Собрание сочинений (Том 1) - Лиханов Альберт Анатольевич. Страница 57
Рука у него оказалась большой и шершавой, будто из толстой сосновой коры. Даже, кажется, он мою руку слегка поцарапал - она почему-то тихонечко ныла.
- А я... этот... - сказал я, мучительно соображая, что бы такое придумать, что бы такое сказать убедительное и веское. Встать вровень с сапогами, у которых загнуты голенища, с папироской во рту и всей трудовой биографией тети Симиного племянника было не так-то легко.
Он засмеялся:
- Чо, как зовут, позабыл?
- Колька, - сказал я, краснея, и выпалил вдруг первое, что на ум пришло: - А ты боксоваться умеешь?
- Не-а! - сказал племянник, удивляясь.
- А я боксом занимаюсь!
- Но! - удивился Василий Иванович.
Он сразу клюнул на этот дурацкий крючок.

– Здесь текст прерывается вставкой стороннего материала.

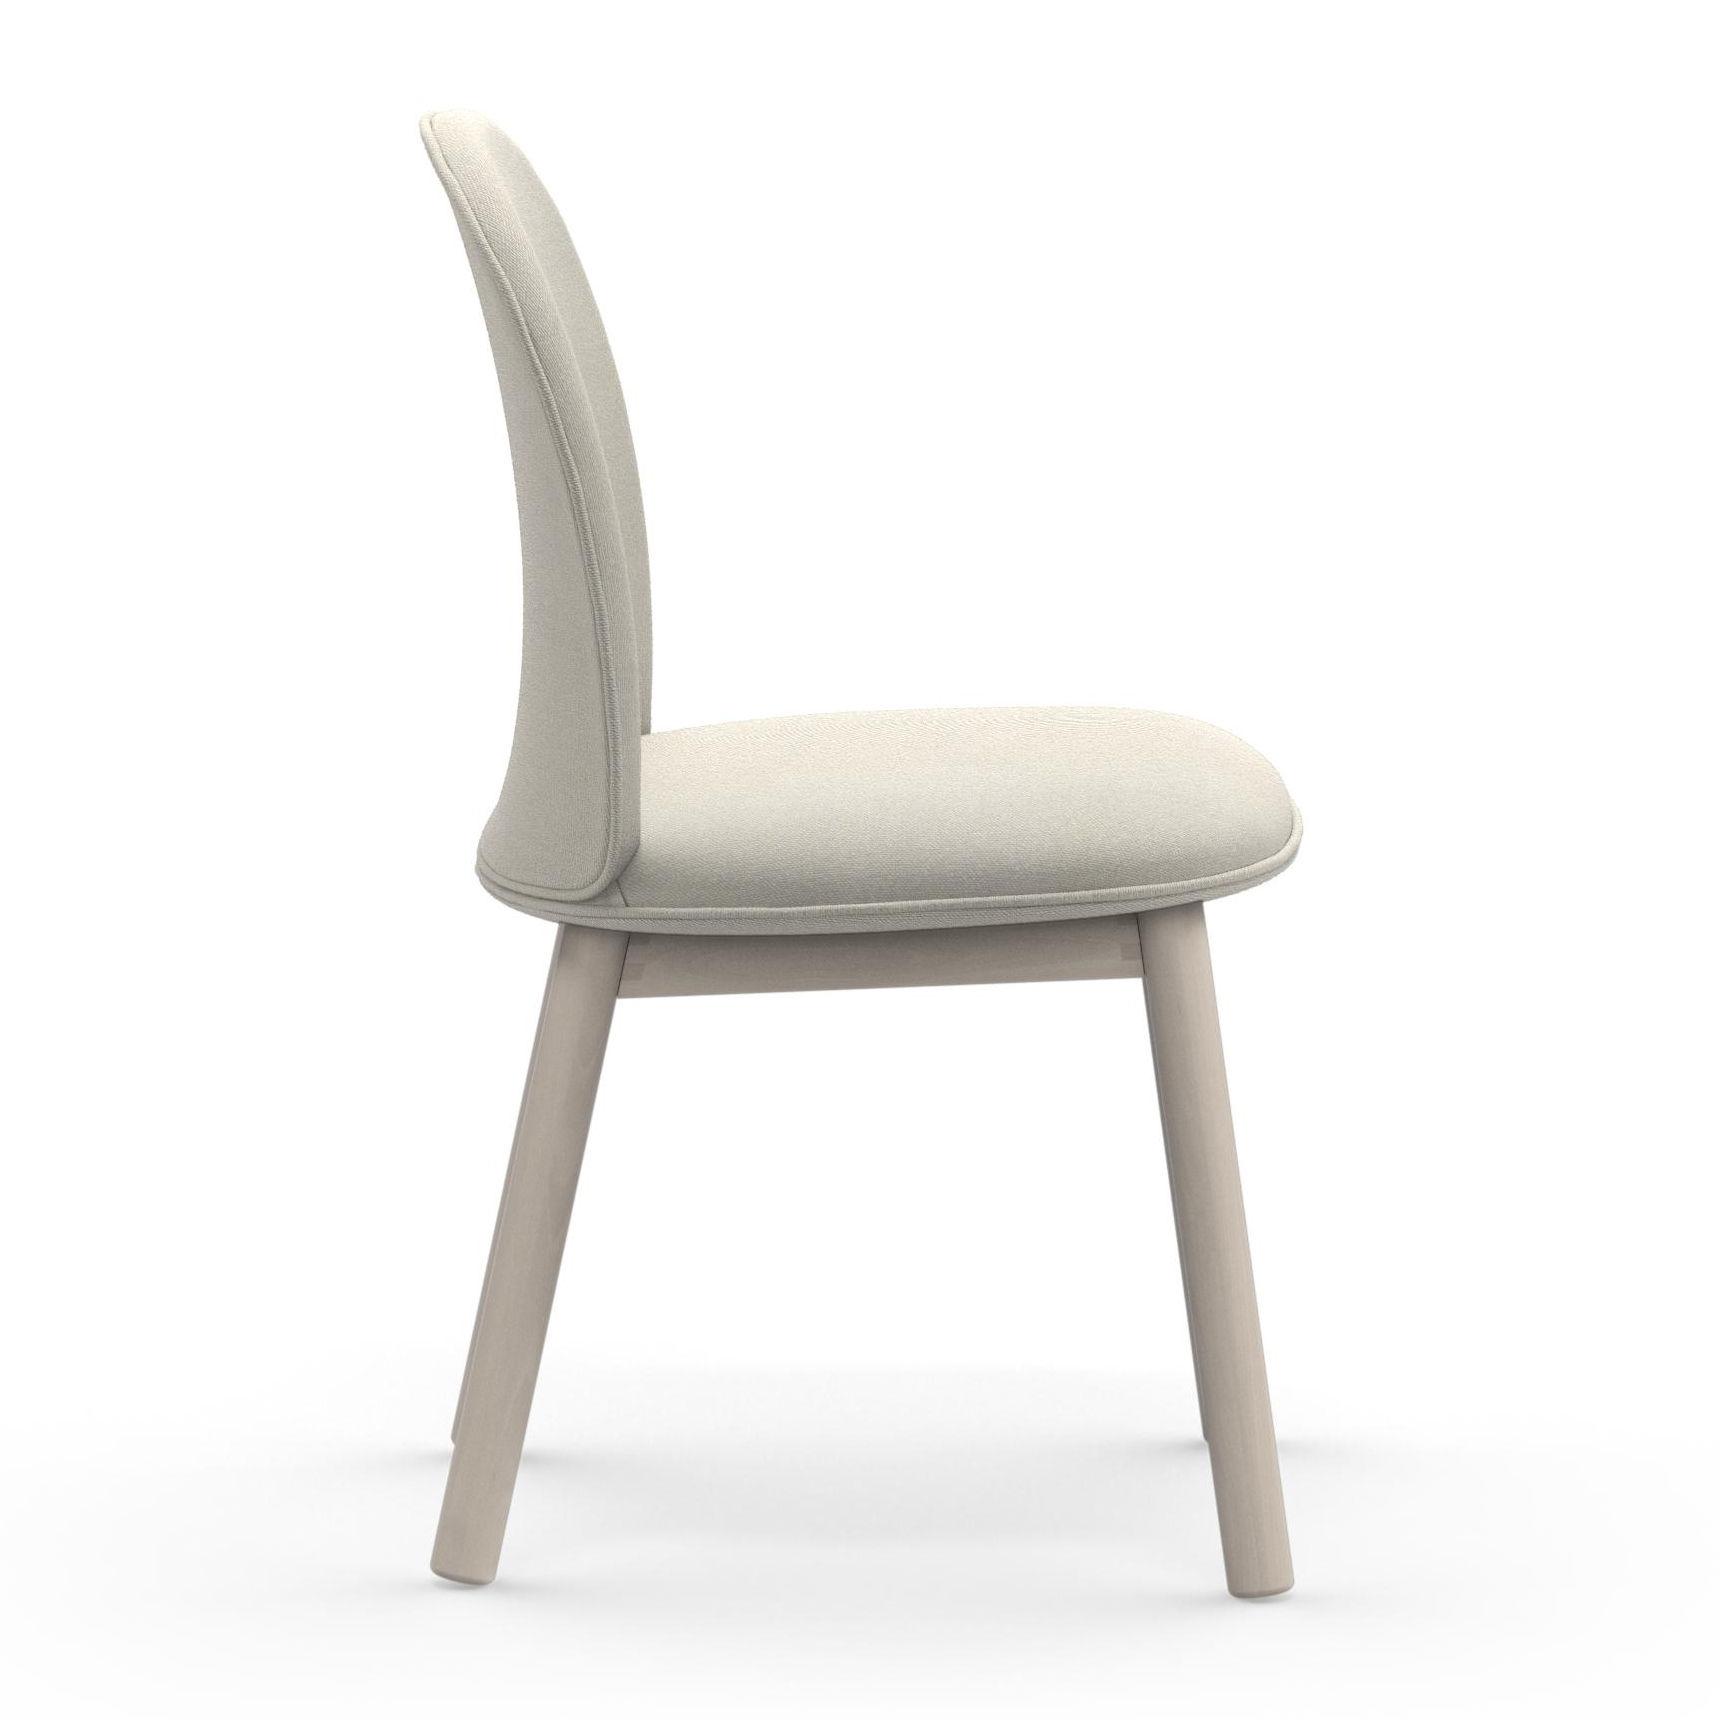 ace gepolsterter stuhl stoff holz beigefarbener stoff by normann copenhagen made in design. Black Bedroom Furniture Sets. Home Design Ideas

Пахать-то он, конечно, пахал, и сеял, и курил тоже, а вот боксом уж определенно не занимался. Какой там в деревне бокс, его и в городе-то не найдешь. Боксеры с войны, наверное, еще не пришли.
- Ишь ты! - удивлялся племянник тети Симы, покачивая головой. - По мордам бьют! - И, бросив папироску, будто решившись на что-то, спросил: Научишь?
Я понял, что, кажется, перегнул, что про бокс - это уже слишком, а Василий Иванович развязал заскорузлыми пальцами галстук, сунул его в карман, прижал к груди кулаки и добавил:
- Нам пригодится!
- Н-не, нет! - ответил я, слегка бледнея. - Не теперь! Завтра! Мне сейчас некогда.
- Лады! Завтра так завтра. - Он вынул из кармана большой кусок сахара, хрустнул зубами и кинул кусочек Тобику.
Тобик подхватил сахарок на лету, захрупал, чавкая, пуская тягучую слюнку, и преданно поглядел на племянника тети Симы.
* * *
Только к вечеру дошло до меня, что я наделал!
Сначала слова эти мои про бокс показались мне просто словами, мало ли кто и что сказал. Теперь же, к вечеру, когда мысли после дневной суеты стали раскладываться по полочкам, я понял, что нет, что все это не так просто, как кажется, что мы с этим курящим Василием Ивановичем теперь самые близкие соседи и никуда мне от него не деться.
"Вот дурак! - ругал я себя. - Только познакомился с человеком и сразу наврал ему с три короба. Ничего он не скажет, конечно, когда узнает, что я его обманул, дразниться не станет, не маленький, а все-таки..."
Улегшись на свой твердый диван, я долго скрипел пружинами, а утром проснулся со счастливой мыслью и, еле дождавшись срока, пошел в библиотеку. Должна же там быть книжка по боксу!
Библиотекарша подозрительно поглядела на меня, долго копалась в дальнем шкафу, потом вытащила тоненькую книжицу, всю серую от пыли: никто почему-то боксом не интересовался.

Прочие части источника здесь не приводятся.